Matching with veal saltimbocca
Nick says:
When I read that Barolo was recommended to go with veal saltimbocca, I had a quick look to check it out - and you're right! Amazing! I couldn't think of a worse wine to go with this dish. Veal has almost no saturated fat in it, so why recommend the most tannic grape variety in the world?

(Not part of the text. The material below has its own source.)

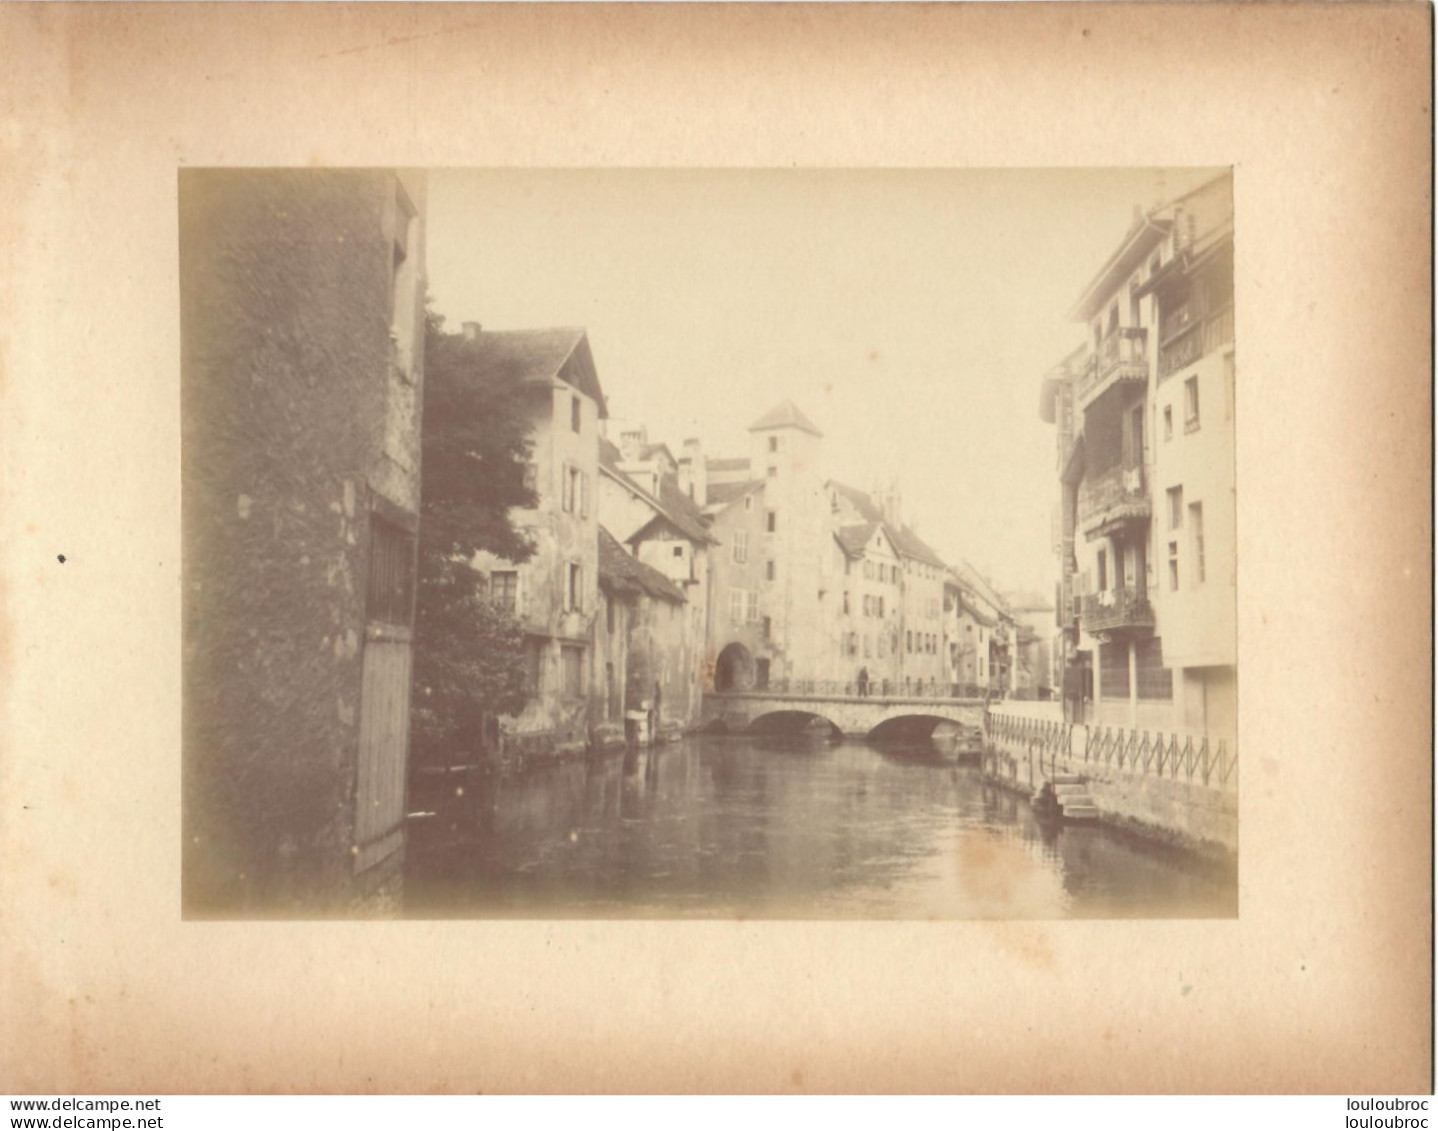 ANNECY CANAL DE THIOUX FIN 19em PHOTO ORIGINALE SUR CARTON 23x18CM FORMAT PHOTO 16X12CM - Anciennes (Av. 1900)

It sounds like you cook an authentic veal saltimbocca, so you add proscuitto, which is salty and clashes with tannins, and then it's sweetened with Marsala. The sage leaf on top vaguely suggests a red wine, but sage is such a strong unique flavour I'd struggle to match that flavour. To my mind this dish needs a low tannin wine, with medium plus body. In an ideal world a wine that was off dry, but there are so few of them, let's look for good ripeness, and I think it could be a red or white wine that has a savoury flavour. How about a really top end Pinot Grigio, with some spice to it? Or maybe a Verdicchio from the best producing area of Matelica, with a rich mid palate and a slightly bitter almond finish. If I wanted a red wine I'd be looking at a Valpolicella, but not the basic level, look for Valpolicella Ripasso, which is sometimes labelled Superiore, this is where the wine is fermented for a second time on the lees left over from the Amarone fermentation, and gives a real extra degree of complexity to the wine but still retaining that vibrant cherry fruit and low tannins.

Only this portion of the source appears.